We would have meals in the van itself where Ogie would cook up the most delicious meals. Her cooking floored all of us (apart from her dancing skills in the discos!!!) which made it all so memorable.

On the last day in Kharkhorin we visited the oldest monastry in Mongolia (sadly most monastries were destroyed during the Stalinist purge) and also visited something known as the Phallic rock which is shaped like an......er......umm....you know.....The sign on the highway pointing to the location of this phallic rock was extremely
hilarious (difficult to describe - the photo of it will do all the talking when i send it to you!!!).
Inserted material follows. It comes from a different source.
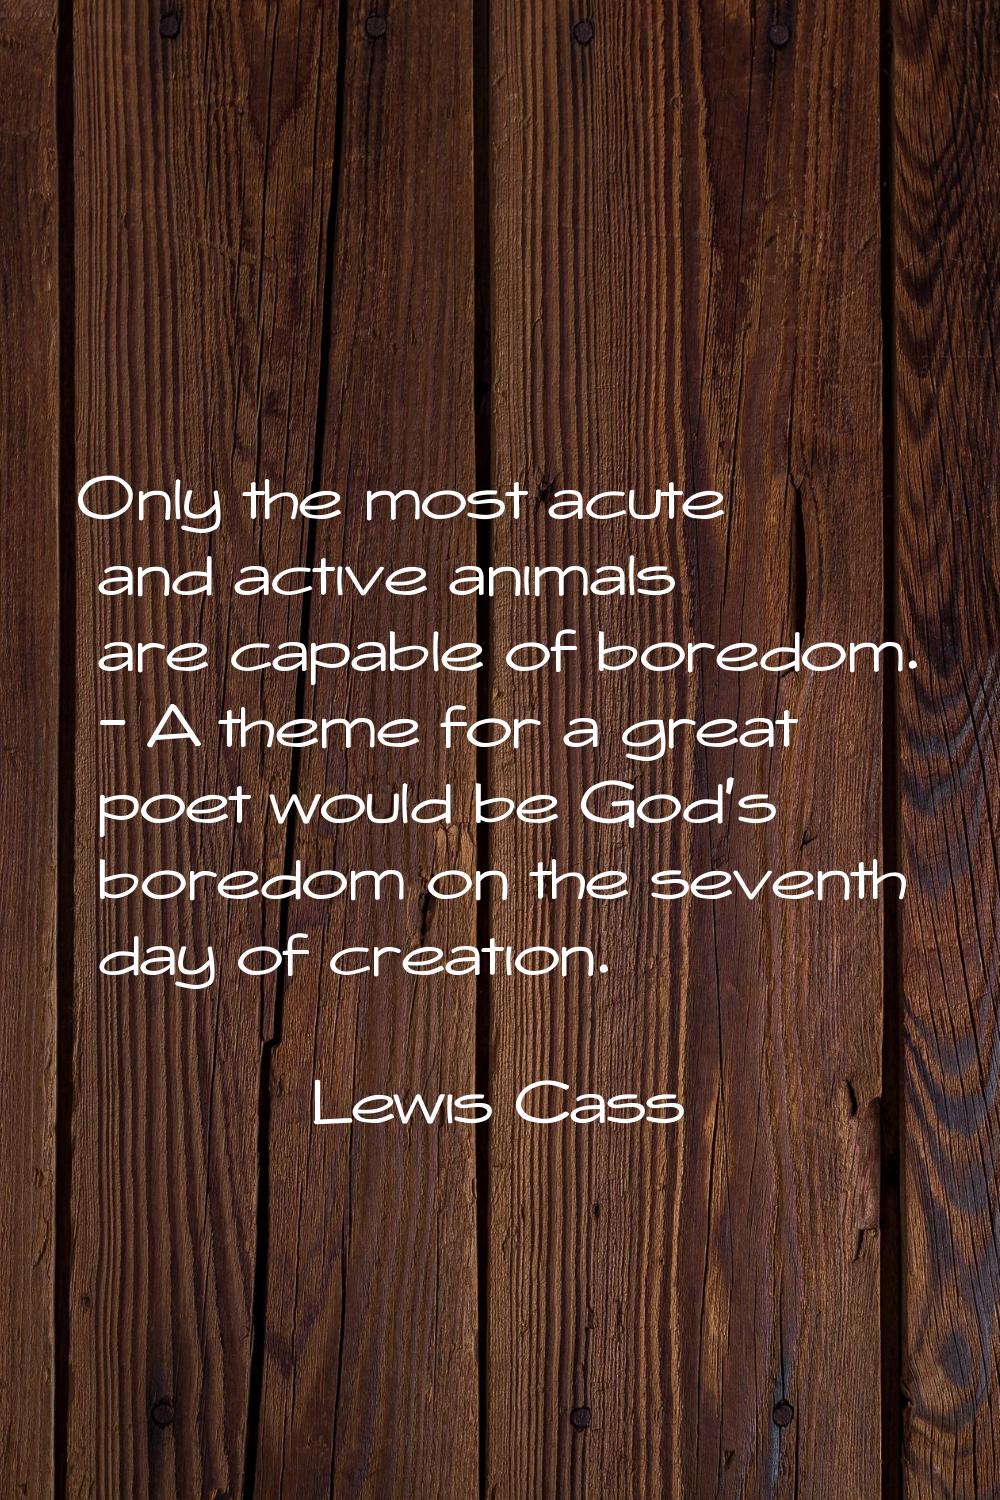 Only the most acute and active animals are capable of boredom. - A theme for a great poet would be

At Kharkhorin, we were also treated to a private music concert - a local musician who played a variety of musical instruments (the Morin Khuur, the yattak...) and also did a bit of throat singing for us.

From Kharkhorin we took a bus to UB as the Swiss couple continued on to the north of Mongolia (something i unfortunately couldn't do due to the paucity of time). We got into the bus and waited and waited and waited and waited and waited. Buses in Mongolia don't move till they are full. People who want to travel by the bus tell the driver that they want to go and the driver will pick them up from their home. So when the bus did actually start we kept on shuttling between houses and the main square (to see if more people had come who wanted to catch the bus).

Unfortunately, the trip to Gobi came to an end and i reached Ulaan Baatar last night. Have 3 days to spend here so might just relax or probably go for a one or two day excursion.

Tonight we did a bit of pub hopping - we met a Mongolian dance instructor who actually tried to pick women up for us in the last Disco we were in.

Sadly, now i see the end of my trip but atleast it means the return to Daal-roti (silver lining in any cloud one has to see).